DATA RECORDS Start Marker

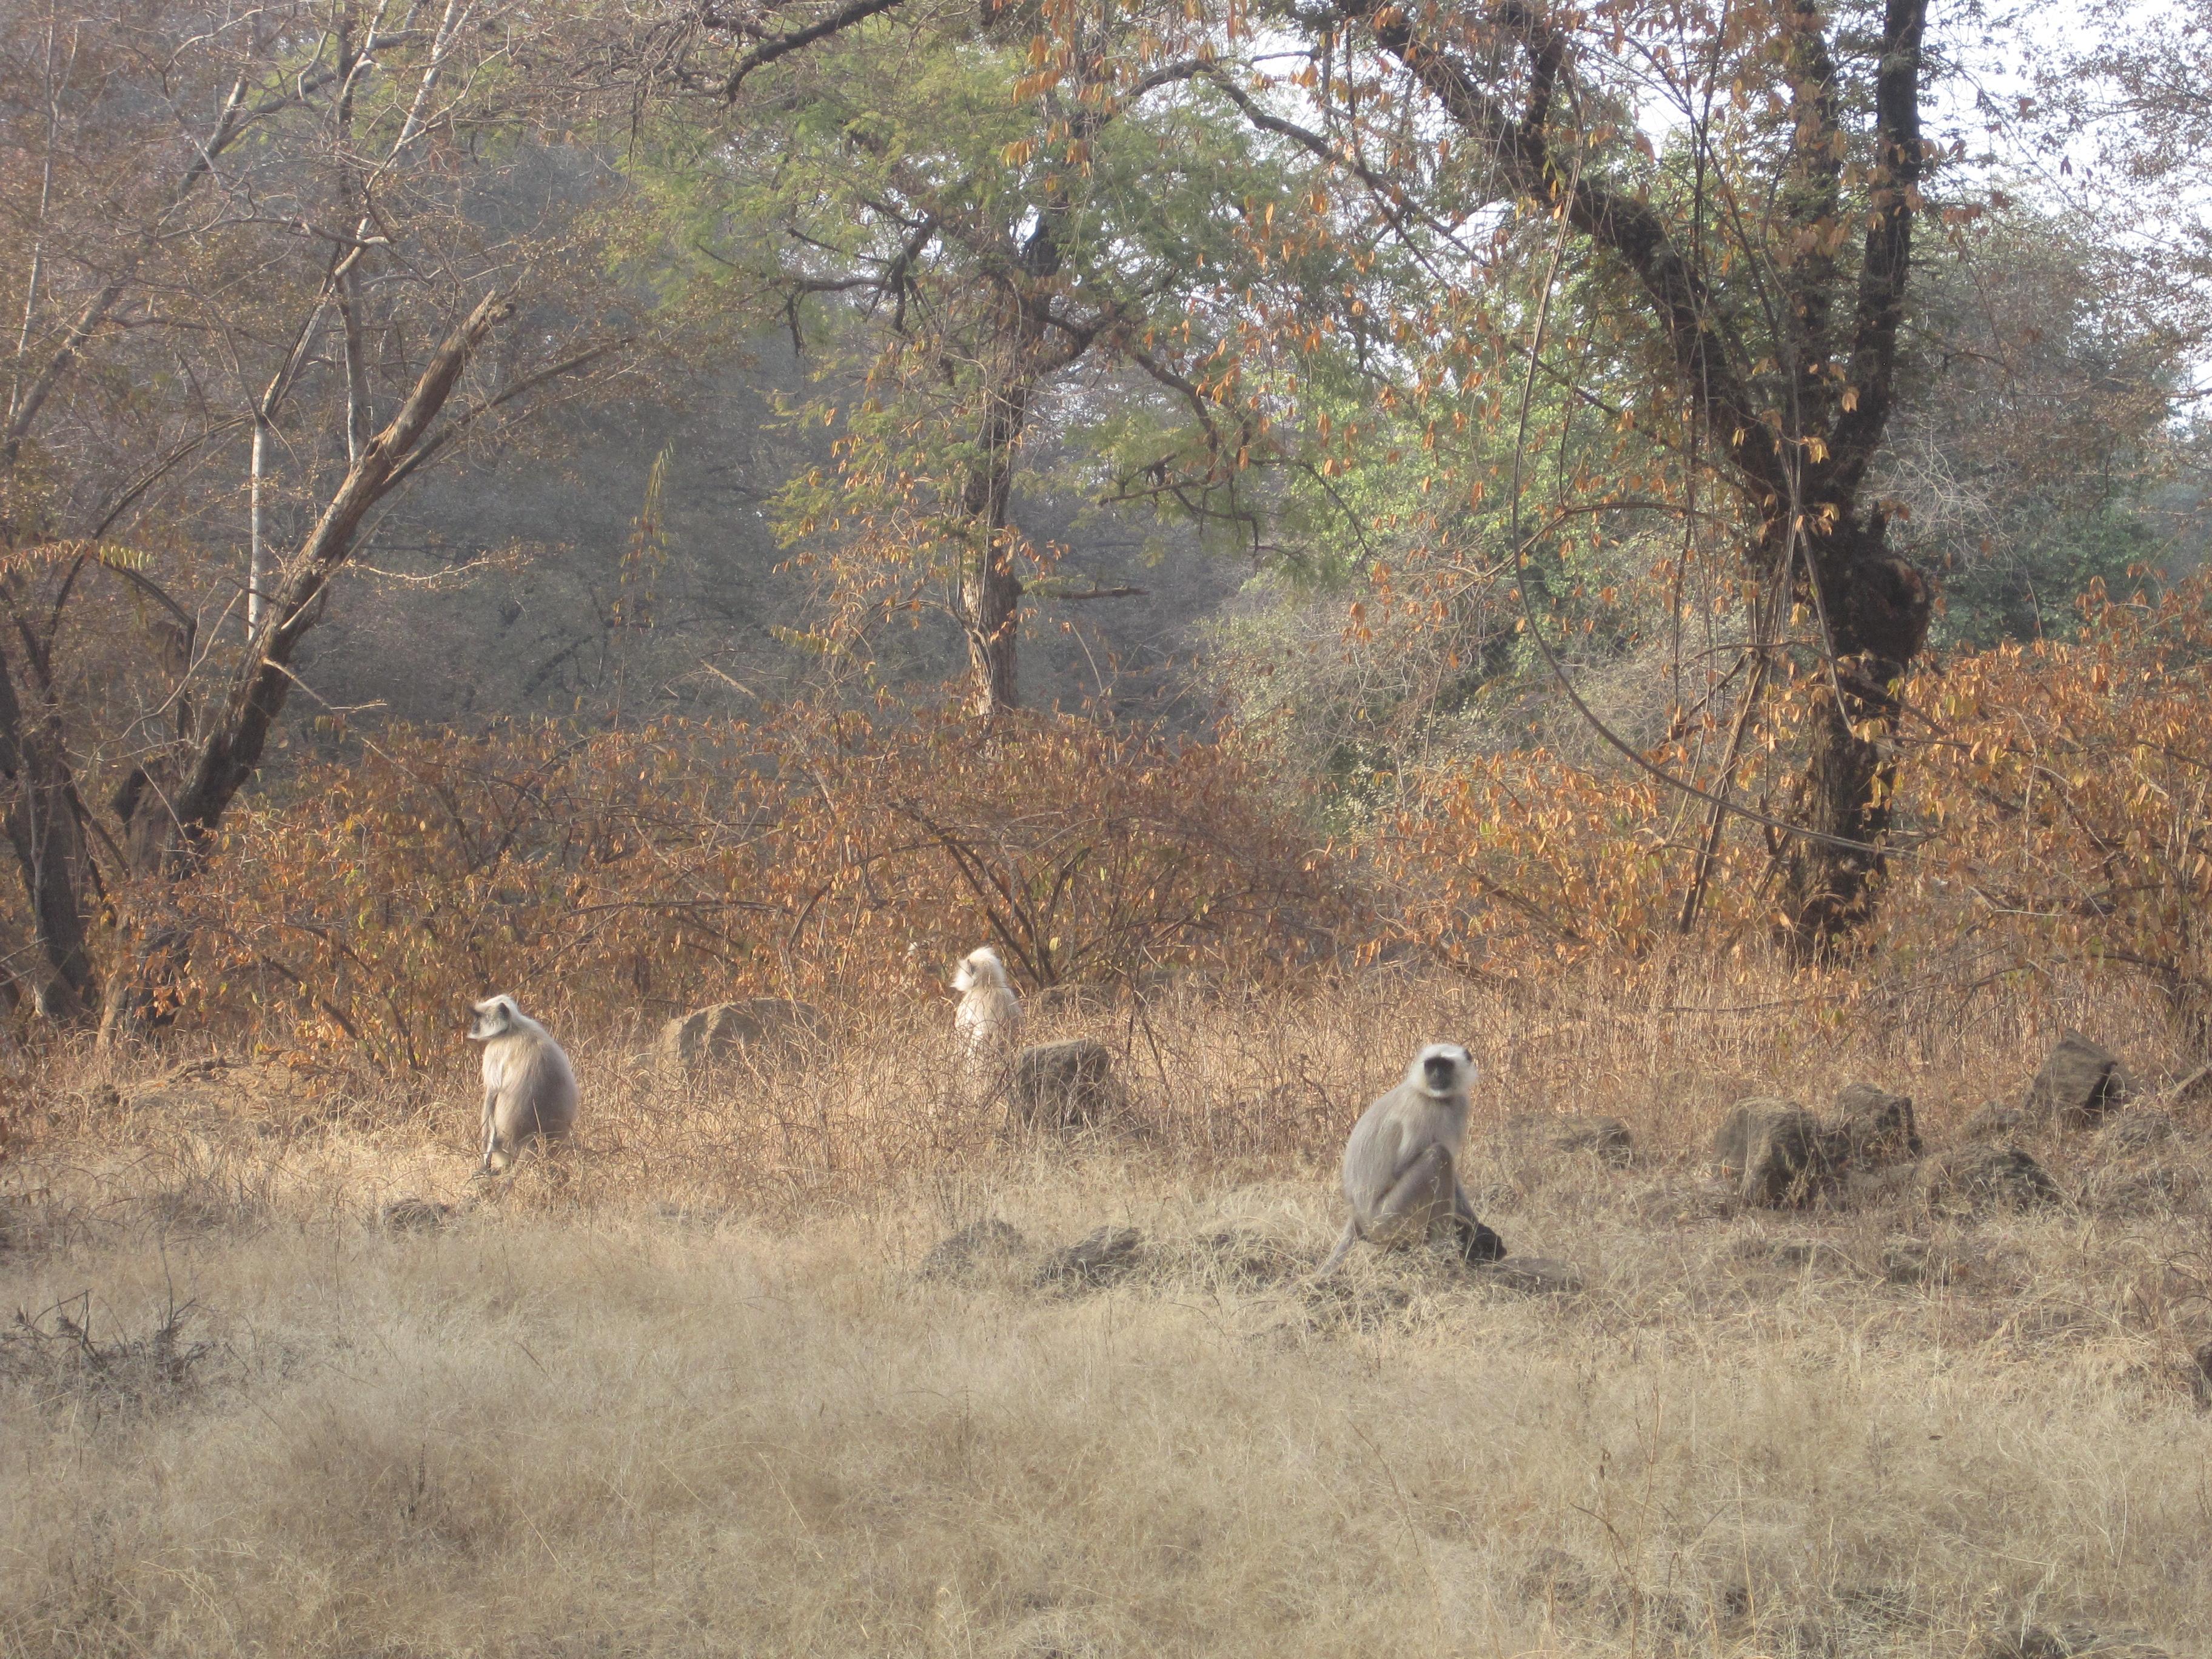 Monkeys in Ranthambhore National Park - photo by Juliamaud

DATA RECORDS End Marker
DATA RECORDS Start Marker

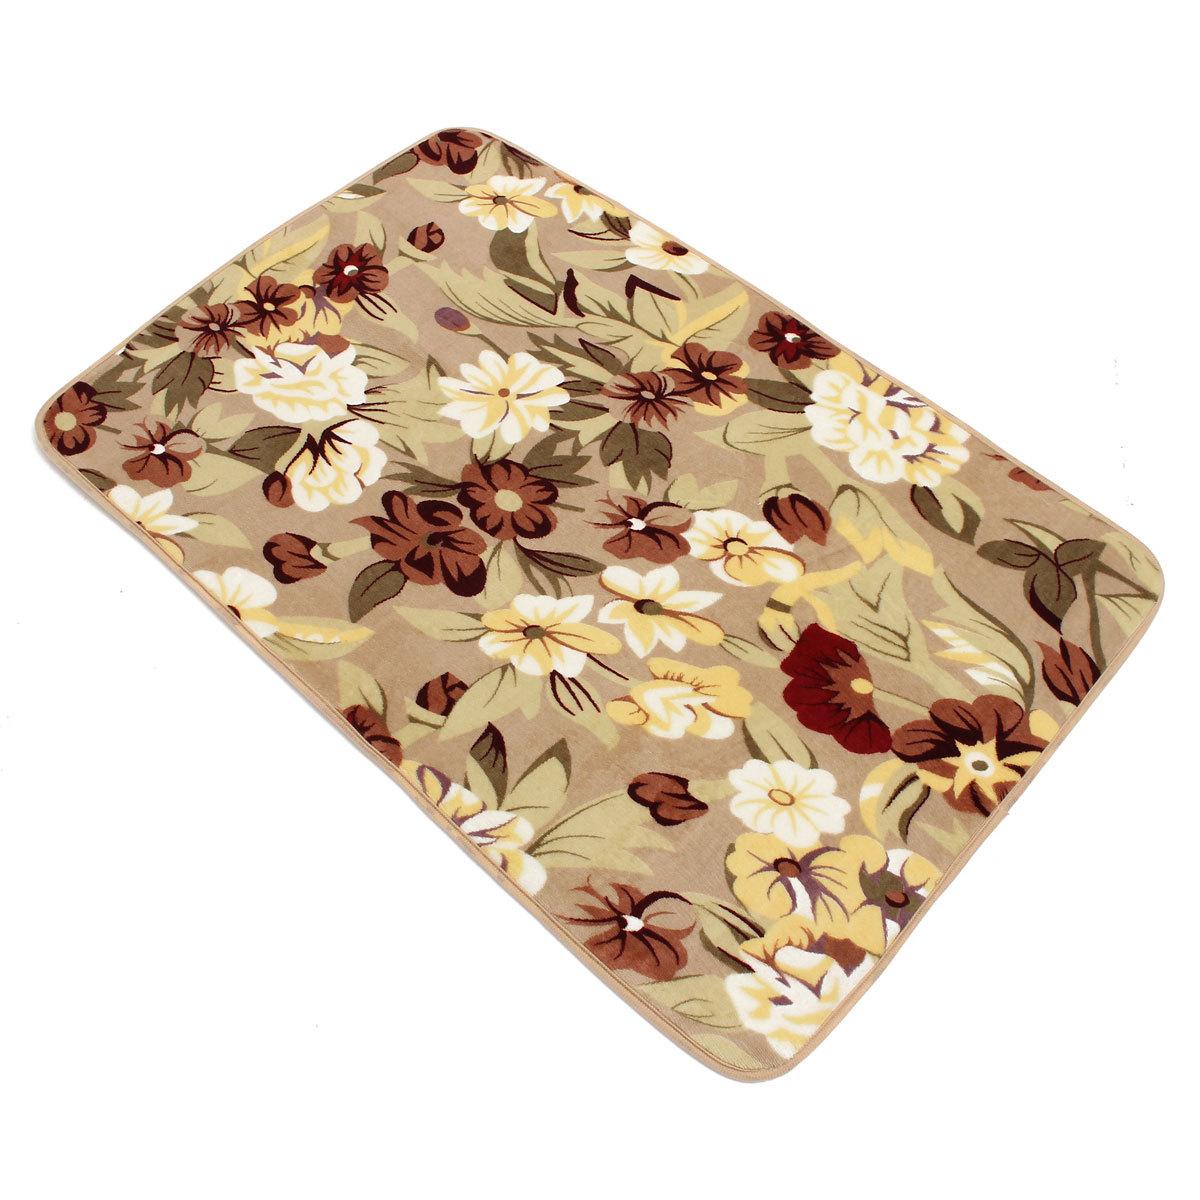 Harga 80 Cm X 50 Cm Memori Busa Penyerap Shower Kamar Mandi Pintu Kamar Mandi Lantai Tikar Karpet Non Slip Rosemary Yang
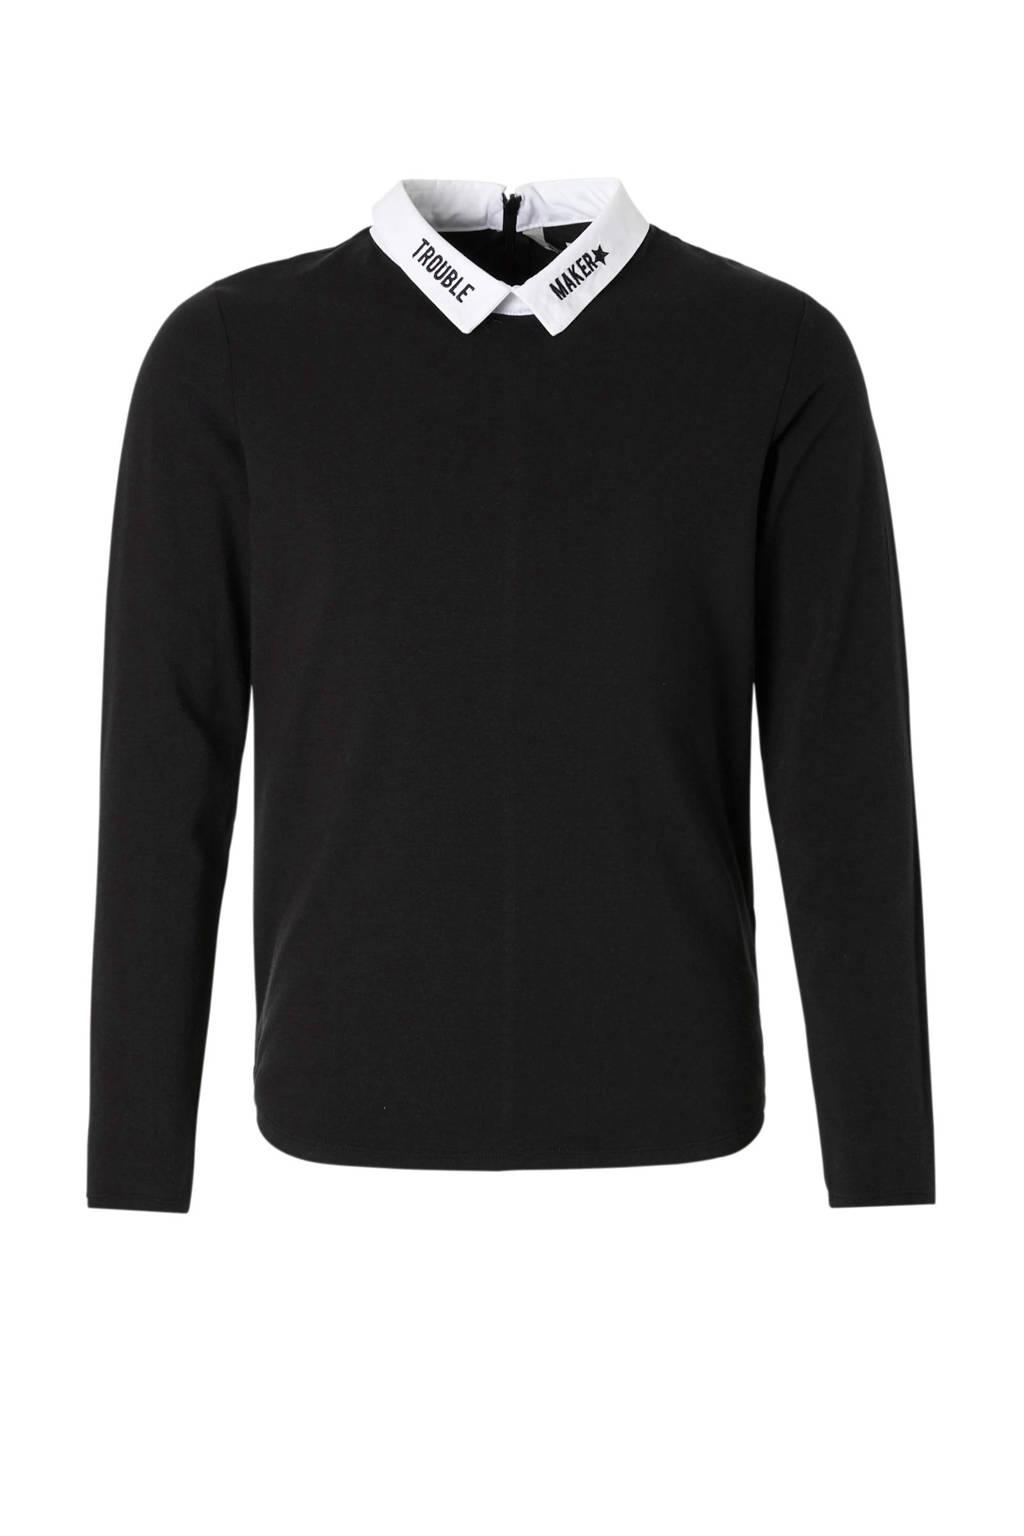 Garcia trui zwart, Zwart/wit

DATA RECORDS End Marker

Among the entries above, copy exactly the stretch from the line holding "Harga 80 Cm" through the line holding "Garcia trui zwart, Zwart/wit", leaving out any pictures.

THE COMPLETED TASK
 Harga 80 Cm X 50 Cm Memori Busa Penyerap Shower Kamar Mandi Pintu Kamar Mandi Lantai Tikar Karpet Non Slip Rosemary Yang
 Garcia trui zwart, Zwart/wit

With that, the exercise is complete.